Here's one approach:
df = pd.read_csv("birth.csv", delim_whitespace=True, parse_dates=["date"])
by_day = df.groupby("date").count().resample("D").fillna(0)
csum = by_day.cumsum()
last_week = csum - csum.shift(7).fillna(0)

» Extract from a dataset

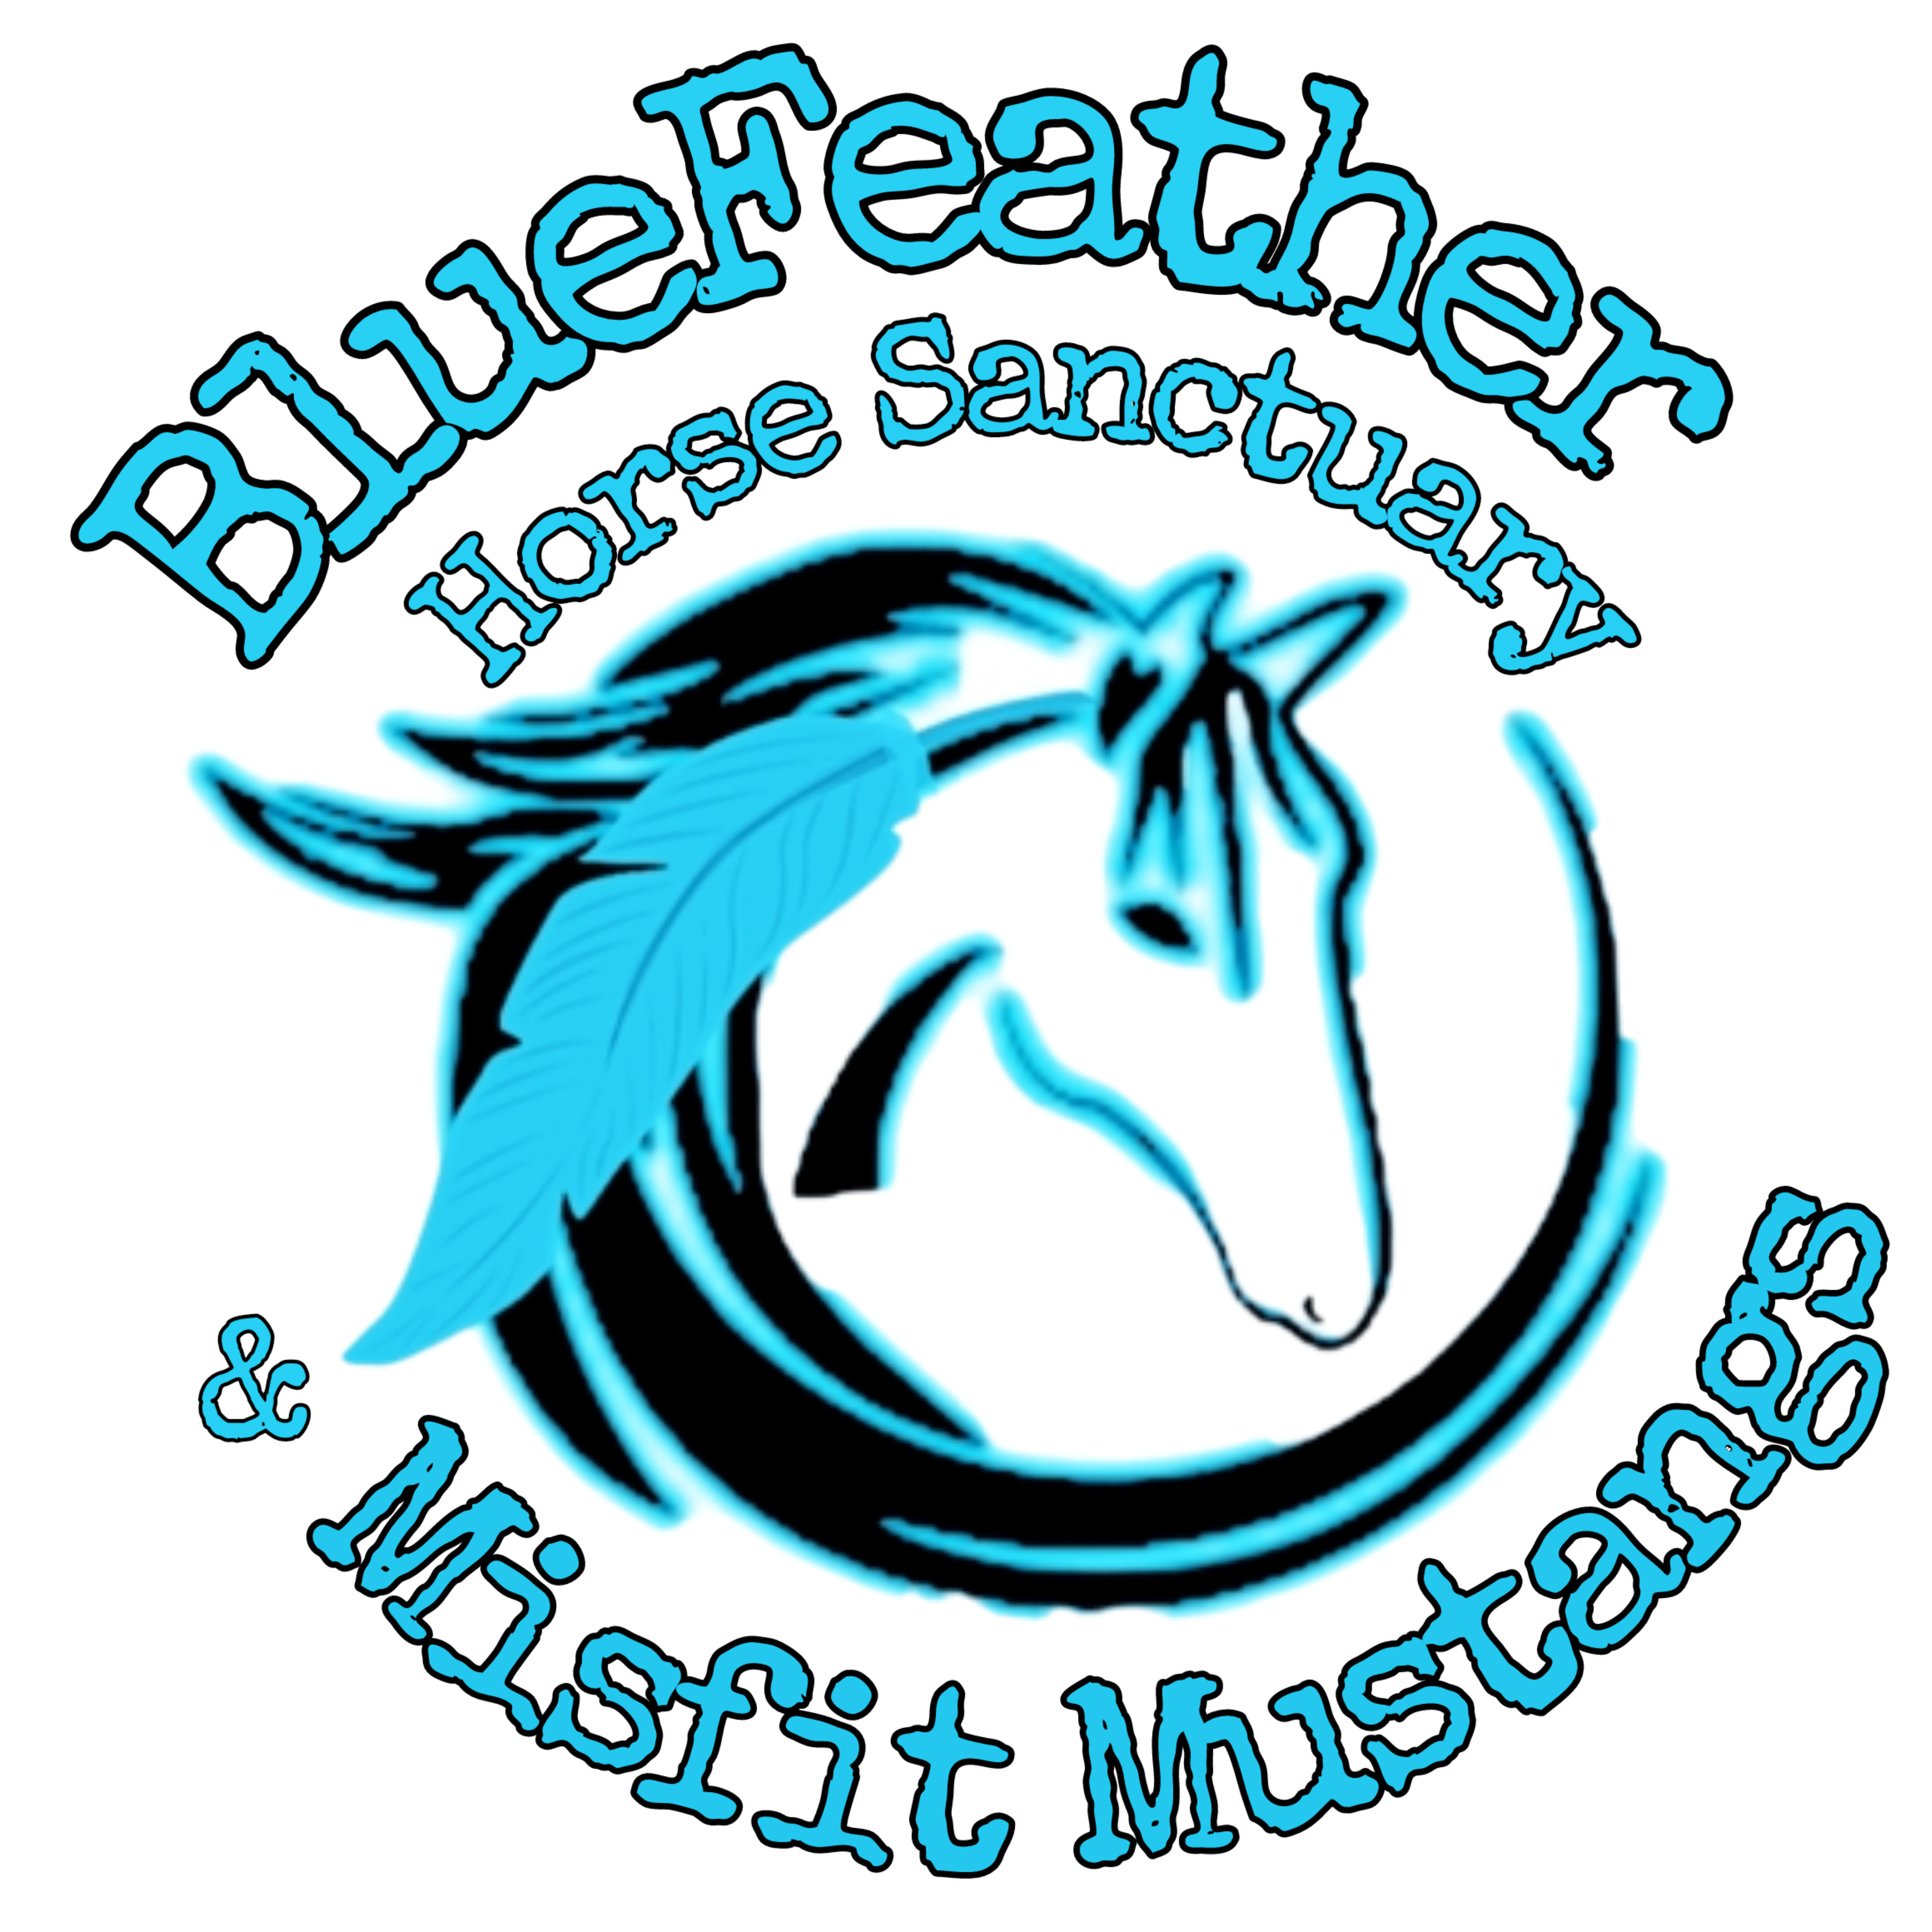 BlueFeather Horse Sanctuary and Misfit Mustangs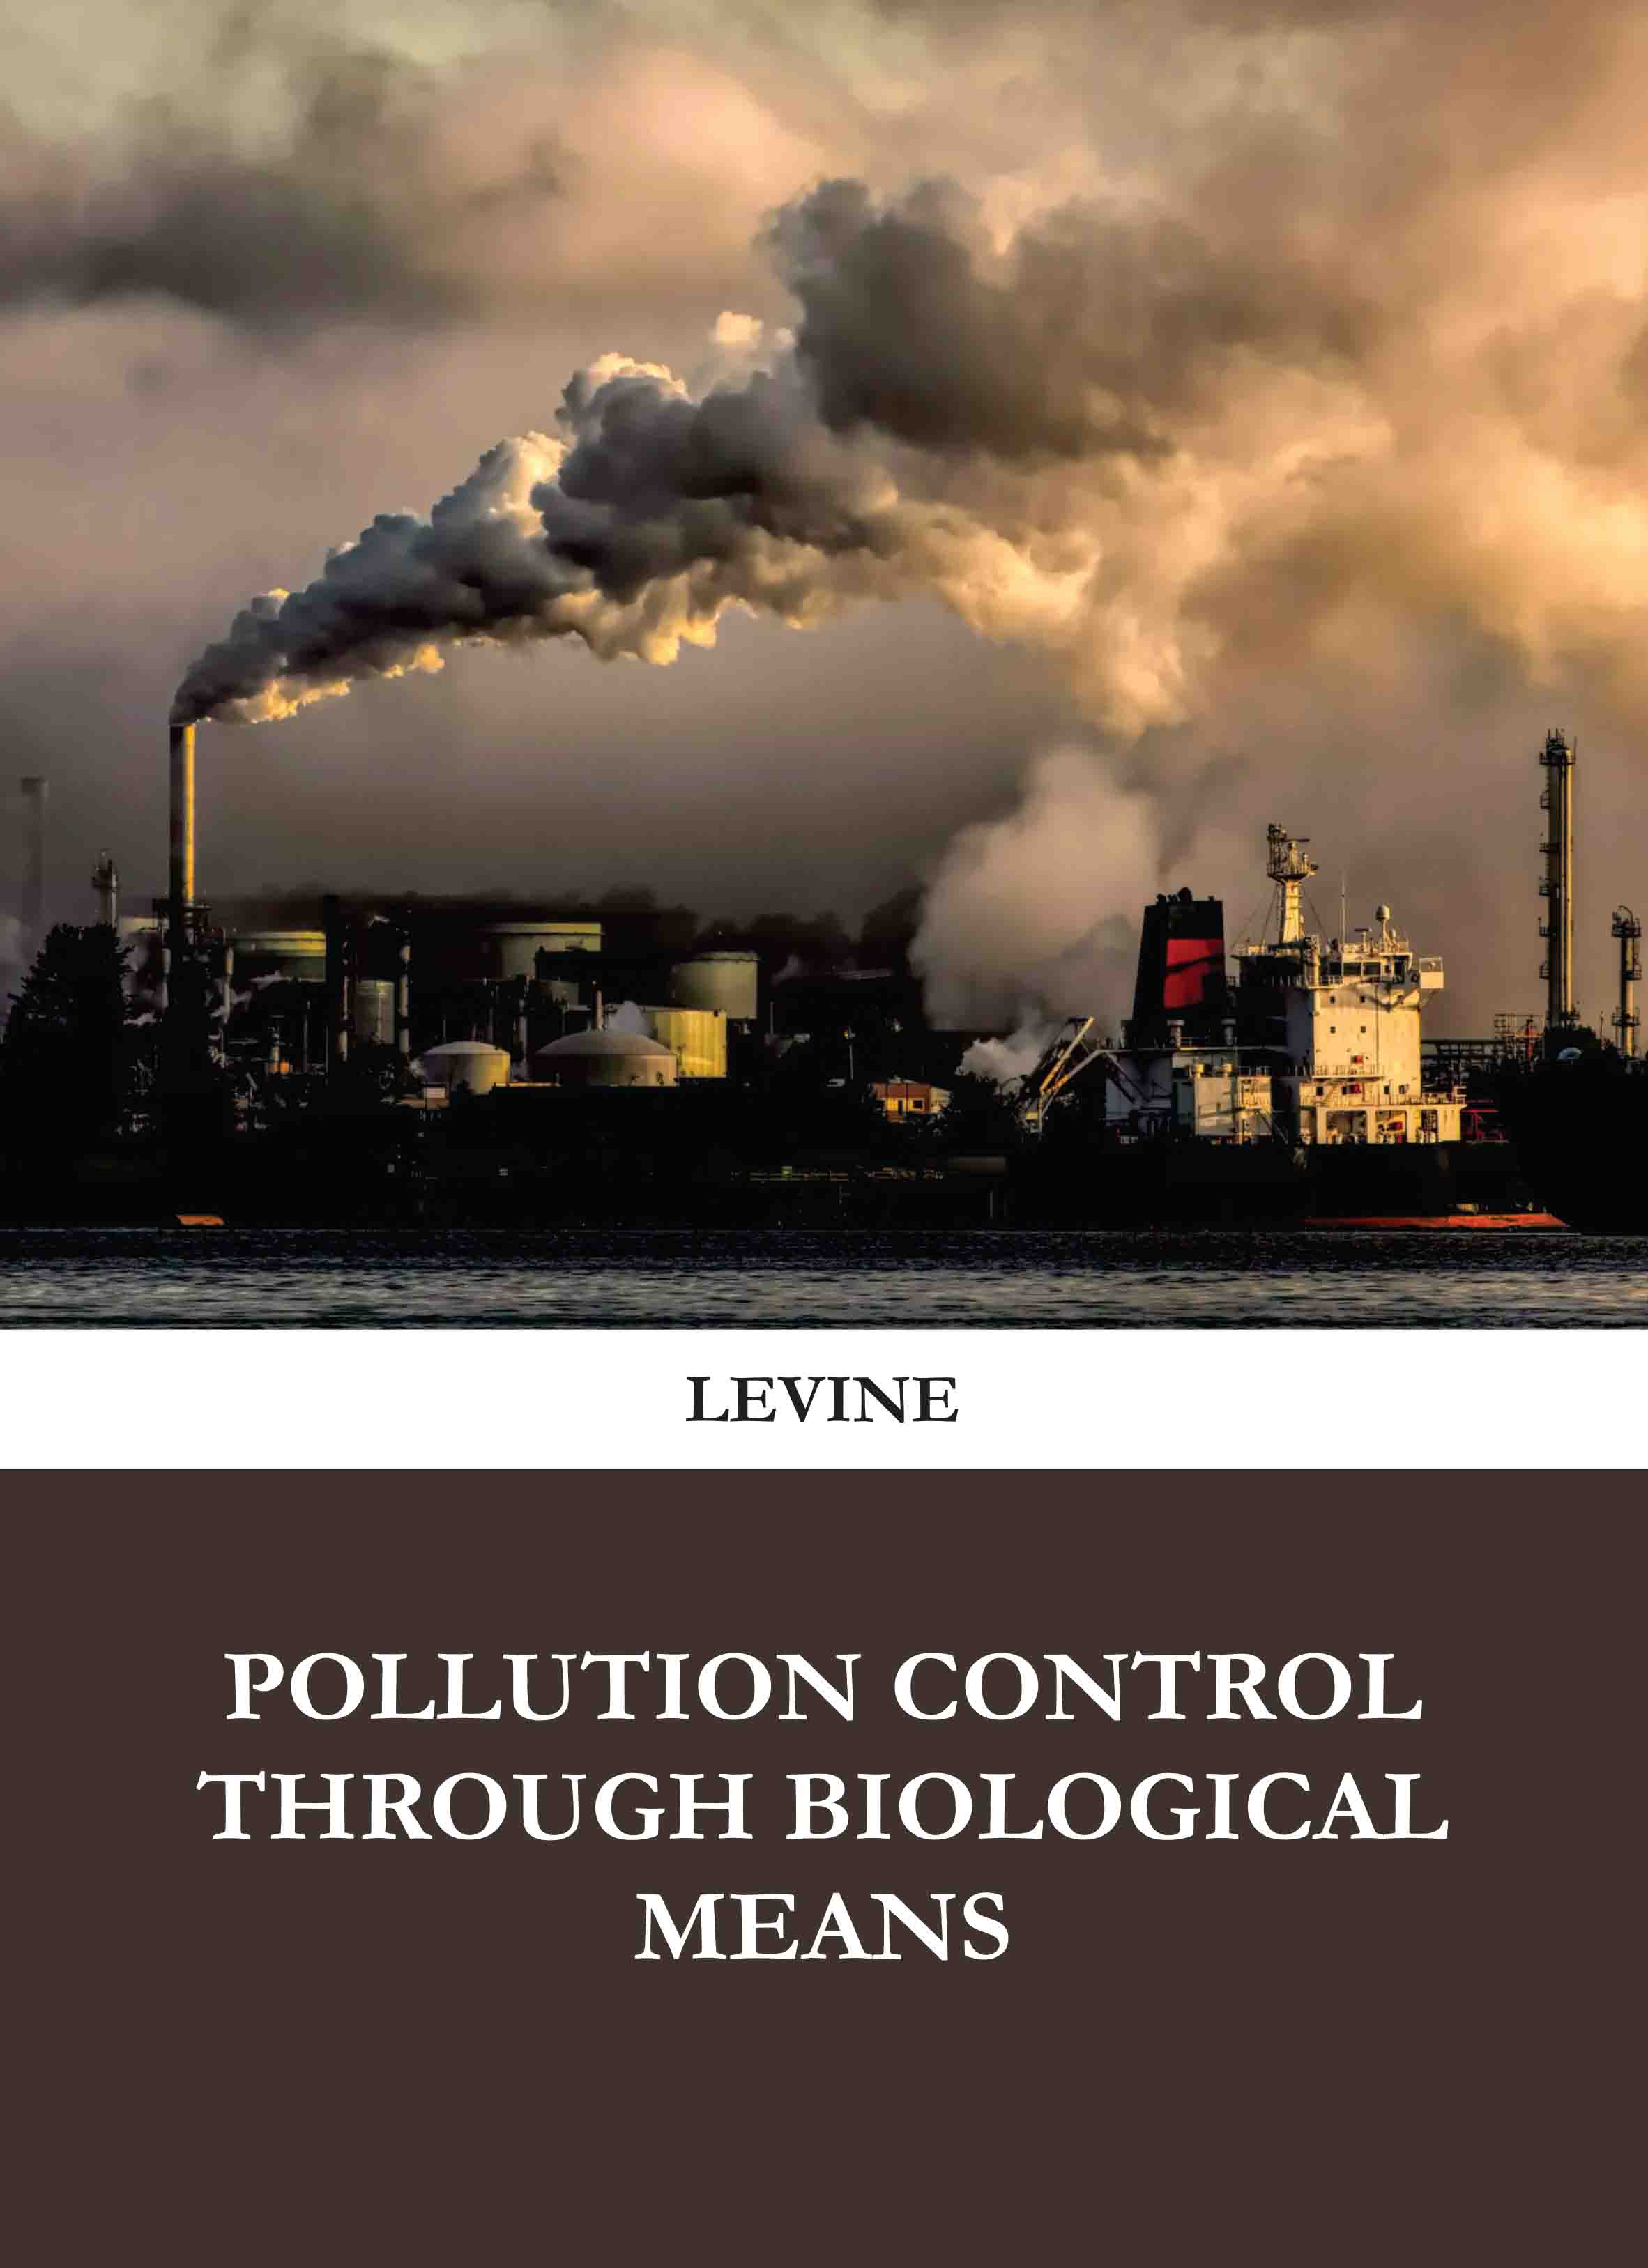 Pollution Control through Biological Means

final = last_week.loc[df.date]
producing
>>> final
obs
date
2000-01-01 2
2000-01-04 3
2000-01-05 4
2000-01-10 3
2000-01-20 1
2000-01-01 2
Step by step, first we get the DataFrame (you probably have this already):
>>> df = pd.read_csv("birth.csv", delim_whitespace=True, parse_dates=["date"])
>>> df
obs date
0 A 2000-01-01
1 B 2000-01-04
2 C 2000-01-05
3 D 2000-01-10
4 E 2000-01-20
5 F 2000-01-01
Then we groupby on date, and count the number of observations:
>>> df.groupby("date").count()
obs
date
2000-01-01 2
2000-01-04 1
2000-01-05 1
2000-01-10 1
2000-01-20 1
We can resample this to days; it'll be a much longer timeseries, of course, but memory is cheap and I'm lazy:
>>> df.groupby("date").count().resample("D")
obs
date
2000-01-01 2
2000-01-02 NaN
2000-01-03 NaN
2000-01-04 1
2000-01-05 1
2000-01-06 NaN
2000-01-07 NaN
2000-01-08 NaN
2000-01-09 NaN
2000-01-10 1
2000-01-11 NaN
2000-01-12 NaN
2000-01-13 NaN
2000-01-14 NaN
2000-01-15 NaN
2000-01-16 NaN
2000-01-17 NaN
2000-01-18 NaN
2000-01-19 NaN
2000-01-20 1
Get rid of the nans:
>>> by_day = df.groupby("date").count().resample("D").fillna(0)
>>> by_day
obs
date
2000-01-01 2
2000-01-02 0
2000-01-03 0
2000-01-04 1
2000-01-05 1
2000-01-06 0
2000-01-07 0
2000-01-08 0
2000-01-09 0
2000-01-10 1
2000-01-11 0
2000-01-12 0
2000-01-13 0
2000-01-14 0
2000-01-15 0
2000-01-16 0
2000-01-17 0
2000-01-18 0
2000-01-19 0
2000-01-20 1
And take the cumulative sum, as part of a manual rolling-sum process. The default rolling sum has the wrong alignment, so I'll just subtract with a difference of one week:
>>> csum = by_day.cumsum()
>>> last_week = csum - csum.shift(7).fillna(0)
>>> last_week
obs
date
2000-01-01 2
2000-01-02 2
2000-01-03 2
2000-01-04 3
2000-01-05 4
2000-01-06 4
2000-01-07 4
2000-01-08 2
2000-01-09 2
2000-01-10 3
2000-01-11 2
2000-01-12 1
2000-01-13 1
2000-01-14 1
2000-01-15 1
2000-01-16 1
2000-01-17 0
2000-01-18 0
2000-01-19 0
2000-01-20 1
And then select the dates we care about:
>>> final = last_week.loc[df.date]
>>> final
obs
date
2000-01-01 2
2000-01-04 3
2000-01-05 4
2000-01-10 3
2000-01-20 1
2000-01-01 2
In [57]: df
Out[57]:
obs date
0 A 2000-01-01
1 B 2000-01-04
2 C 2000-01-05
3 D 2000-01-10
4 E 2000-01-20
In [58]: df['births last week'] = 1
In [59]: pd.rolling_count(df.set_index('date'), 7 + 1, freq='D').loc[df.date] - 1
Out[59]:
births last week
2000-01-01 0
2000-01-04 1
2000-01-05 2
2000-01-10 2
2000-01-20 0
I subtract 1 because rolling_count includes the current entry, and you don't.
Edit: To handle duplicate dates, as discussed in comments on your question, group by date and sum the 'births last week' column between inputs 58 and 59 above.